**PROBLEM TO WORK ON:**
Line by line, restate the material word for word, omitting any image.

**EXERCISE DATA:**

_ _ _ _ _

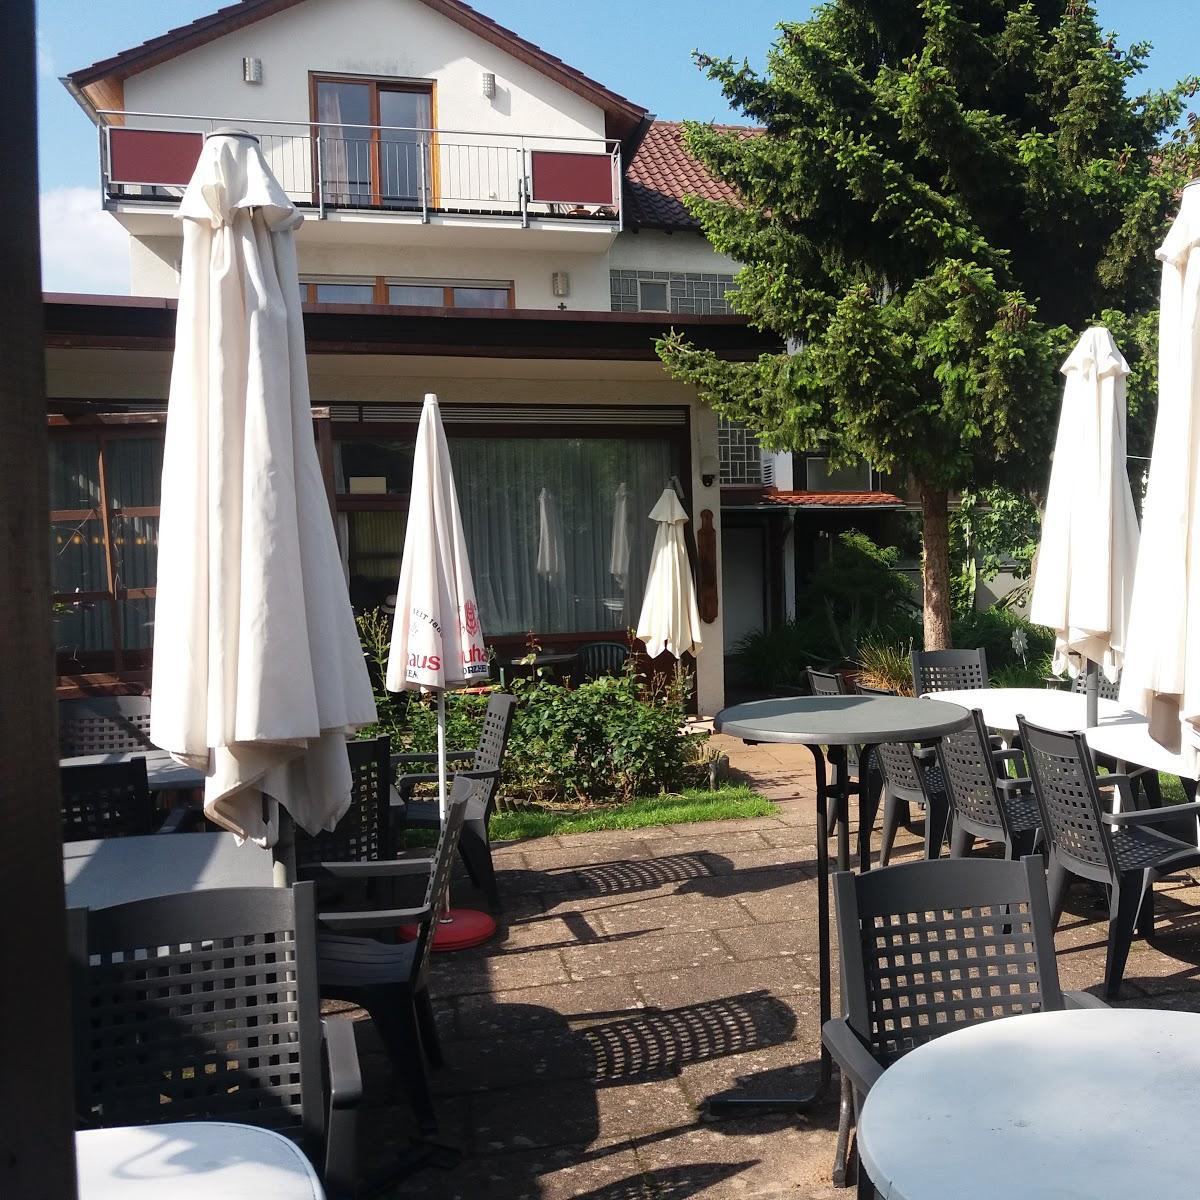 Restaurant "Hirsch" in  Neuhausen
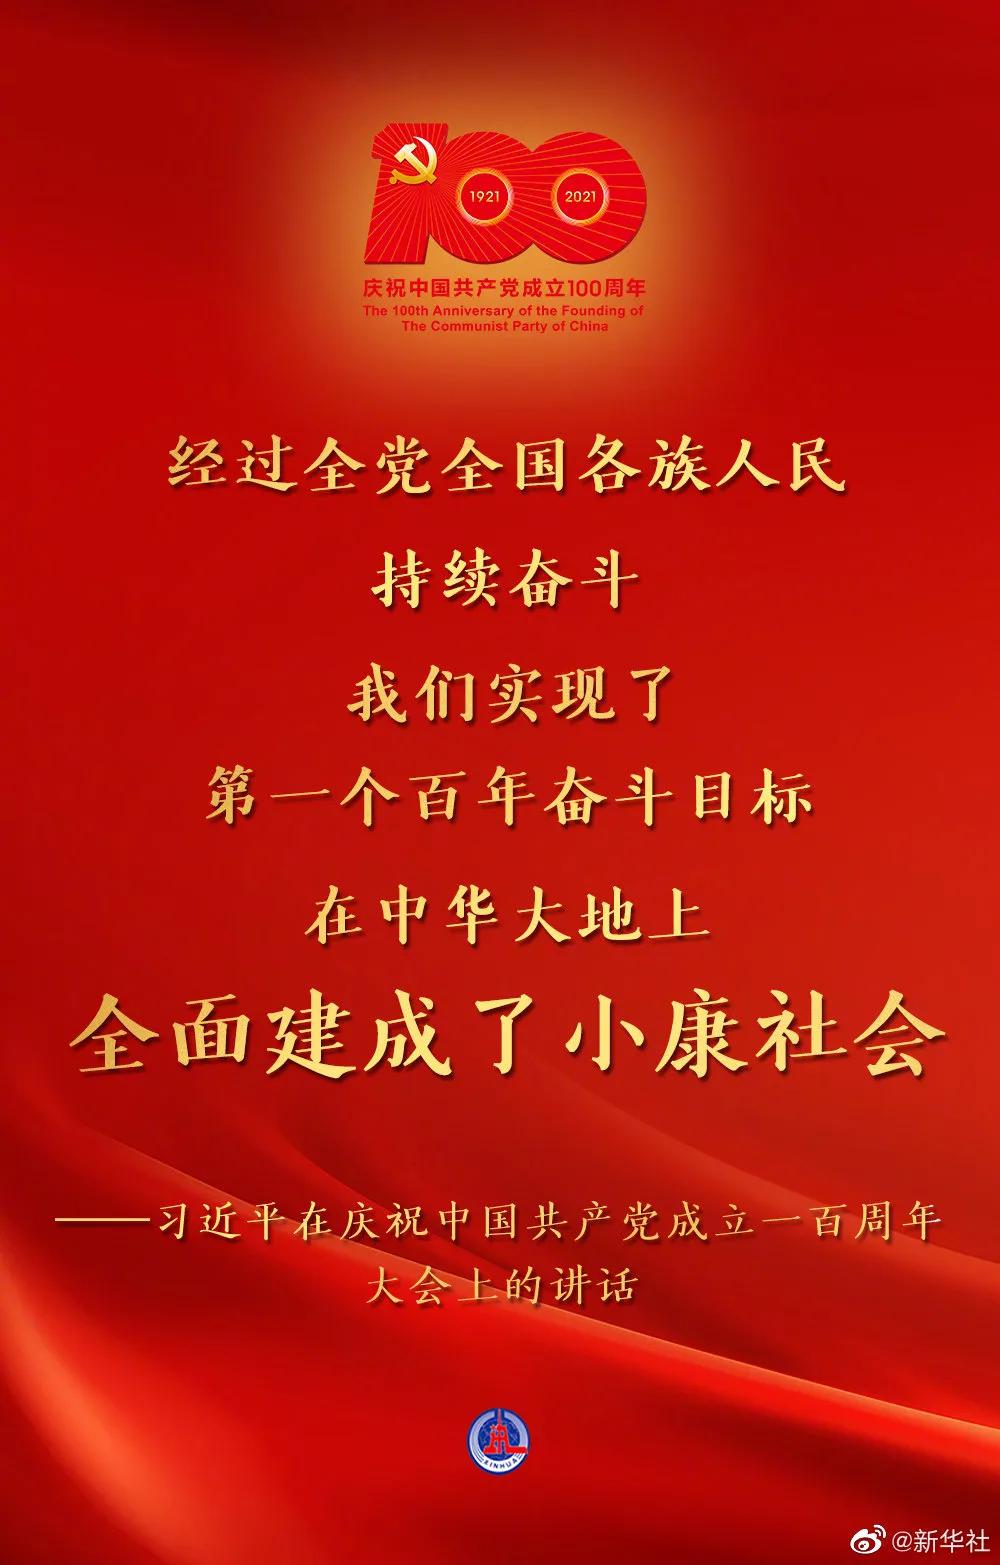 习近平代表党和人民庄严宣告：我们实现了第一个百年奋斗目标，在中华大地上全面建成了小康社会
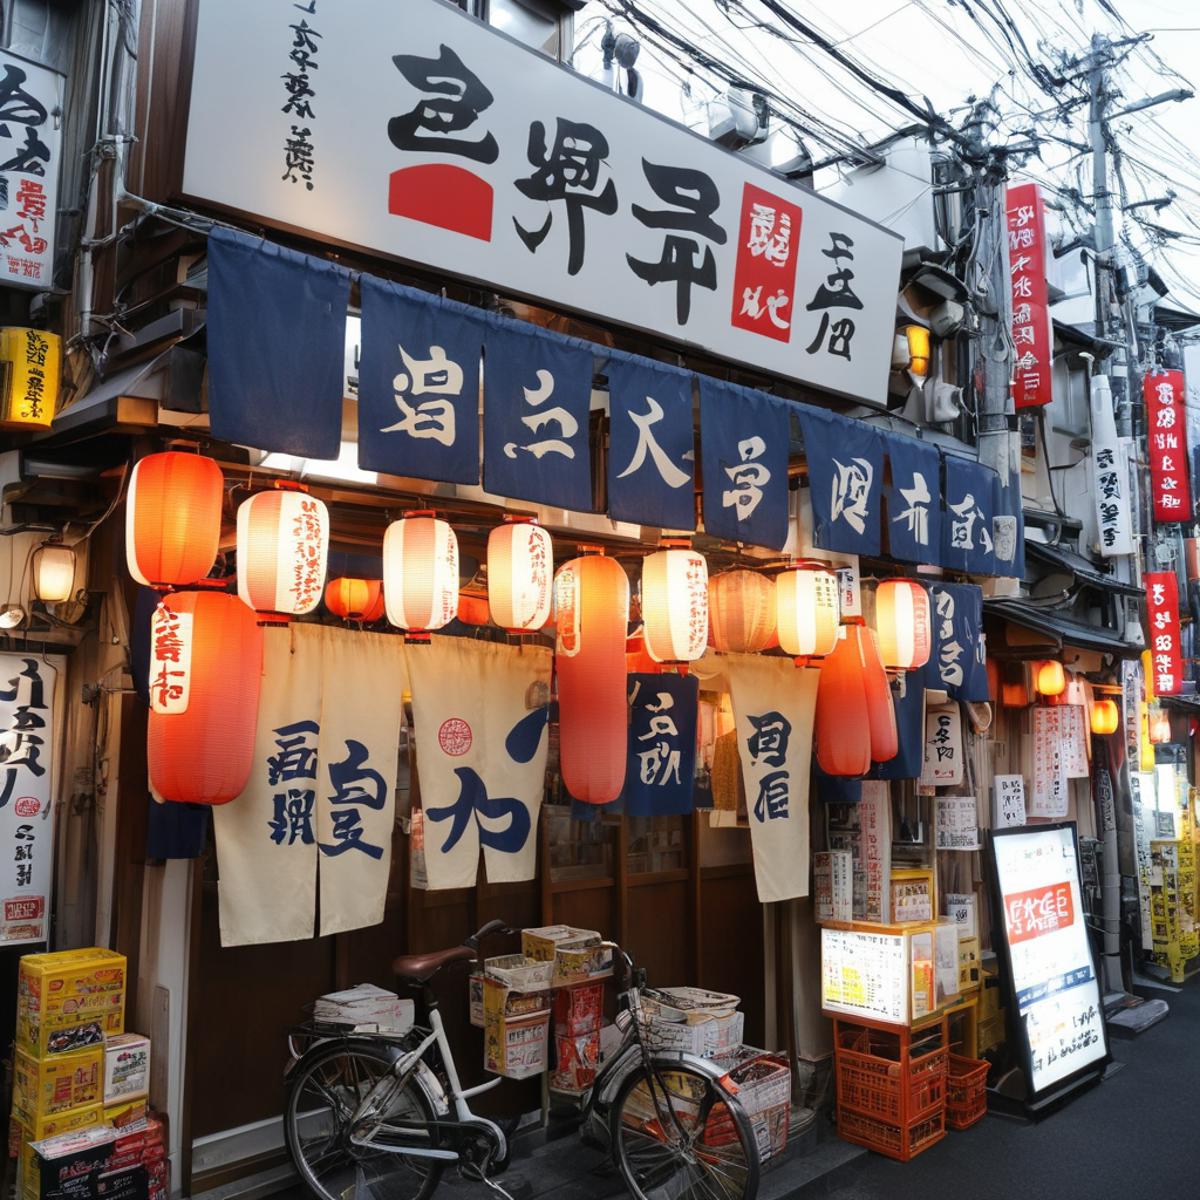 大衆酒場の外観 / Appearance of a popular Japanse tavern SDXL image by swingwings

_ _ _ _ _

**WRITTEN ANSWER:**
 Restaurant "Hirsch" in  Neuhausen
 习近平代表党和人民庄严宣告：我们实现了第一个百年奋斗目标，在中华大地上全面建成了小康社会
 大衆酒場の外観 / Appearance of a popular Japanse tavern SDXL image by swingwings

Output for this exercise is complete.